Overview of the prevalidator implementation
FIXME: https://gitlab.com/tezos/tezos/-/issues/4634 This documentation should be updated with the latest version of the mempool. This documentation was written for an older version of the mempool that supported the Kathmandu protocol. The newer mempool implementation, supporting protocols Lima and up, does not have a similar documentation yet. Nevertheless, most of the concepts presented here still apply to the newer mempool.
FIXME: https://gitlab.com/tezos/tezos/-/issues/4146 Some links in this file have been broken by file renamings.
This page details the internals of the prevalidator component. It explains the complete lifecycle of an operation in the prevalidator, from its reception to its classification and advertisement to the neighborhood. See the online documentation for a more user-friendly introduction to the prevalidator.
The roles of the prevalidator are: fetching and receiving operations, checking their validity (classification) in the current context; and advertising valid operations through the node's gossip network.

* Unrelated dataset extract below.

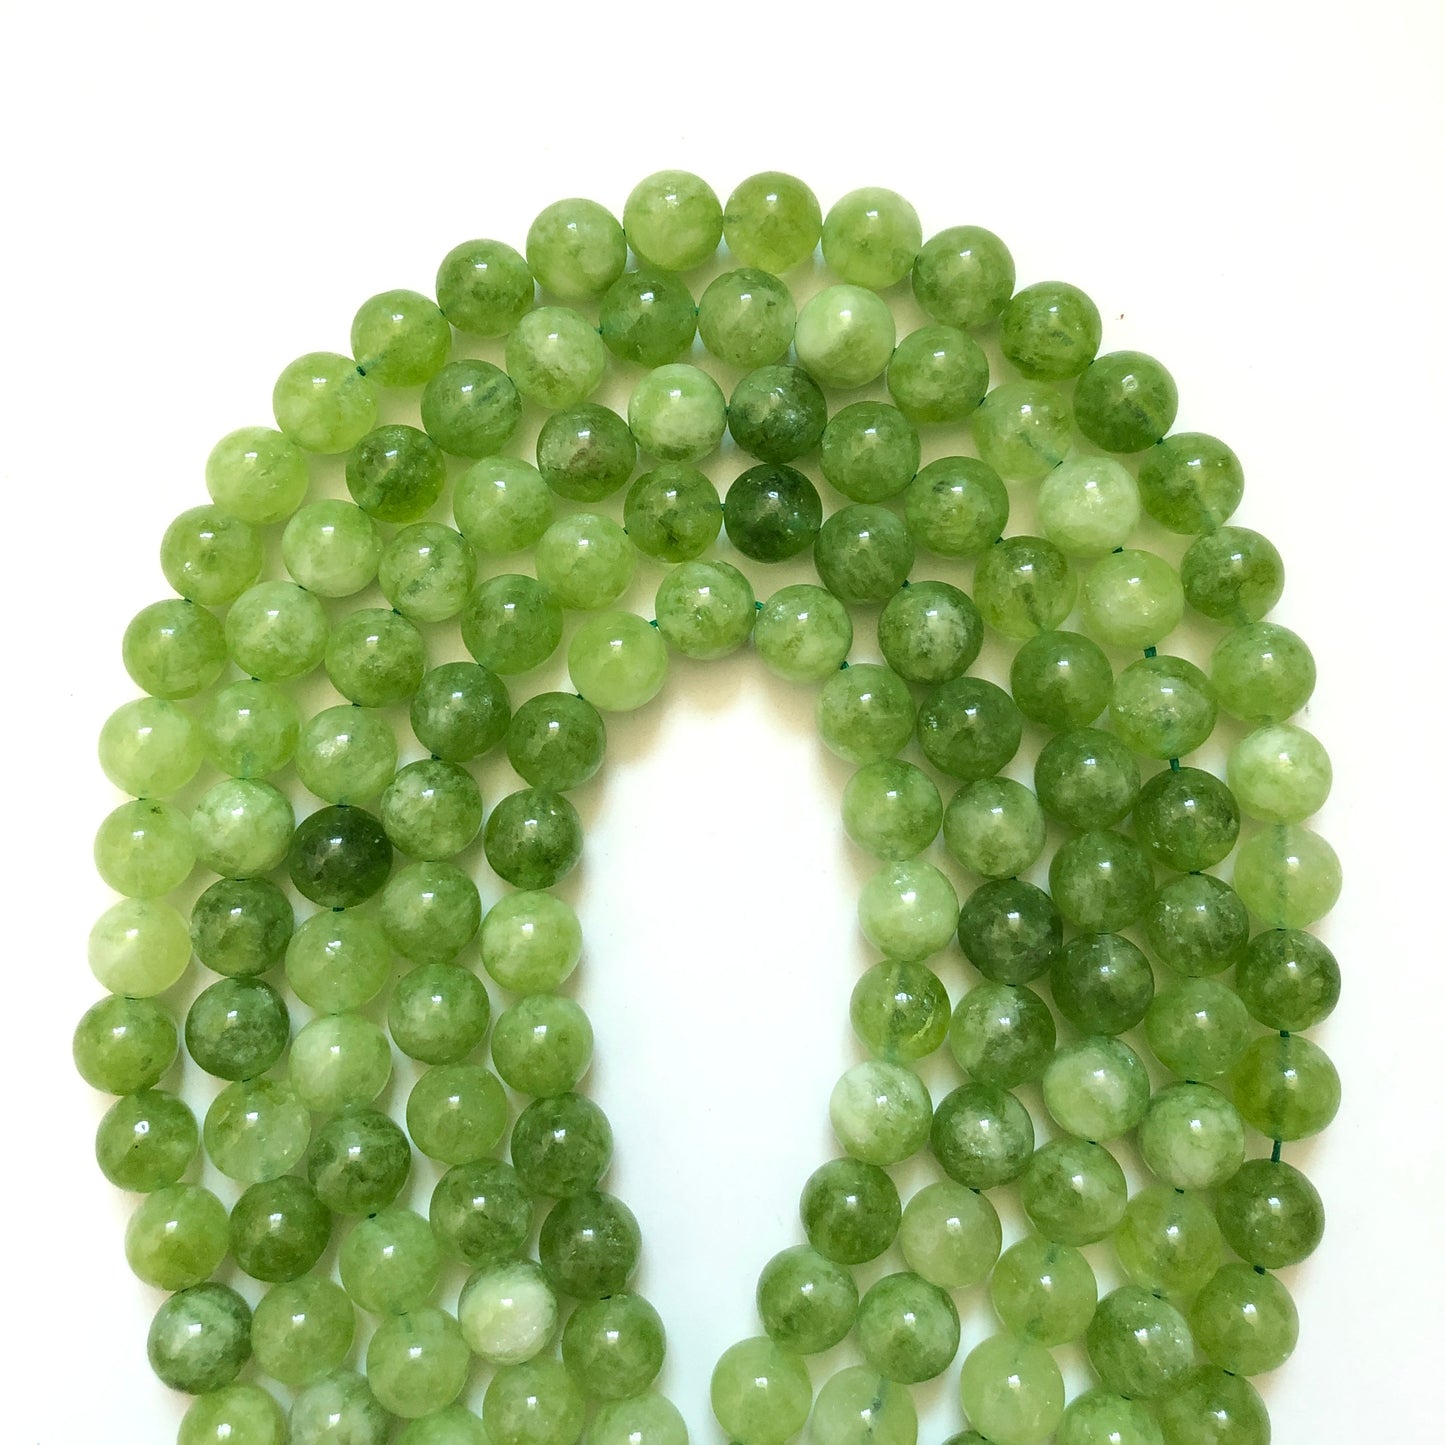 2 Strands/lot 10mm Multicolor Quartz Round Stone Beads Oliver Green Quartz Stone Beads New Beads Arrivals Other Stone Beads Charms Beads Beyond

The baker also uses the prevalidator via the monitor_operations RPC to filter operations that can be included in blocks.
Operations life cycle
This section describes the different stages in the lifecycle of an operation.
Operations arrival
The prevalidator handles operations injected by users or advertised by the gossip network. Users inject operations directly using the injection/operation
RPC or indirectly via a Client or a Wallet.
The mempool data structure is used for advertising operations between peers on the gossip network. This data structure only contains hashes of operations. The prevalidator starts by checking that an incoming operation has not yet been handled. If not, the operation is fetched from the distributed database component (aka ddb
). In turn, if the operation is not known by the ddb
, it fetches it from the peers through the p2p network. Finally, once the operation has been fetched, it is parsed. If an error occurs during parsing, the operation is rejected with an unparsable
classification. Otherwise, it is pre-filtered (see pre_filter and filter section) before being added to a set of pending operations that await to be classified.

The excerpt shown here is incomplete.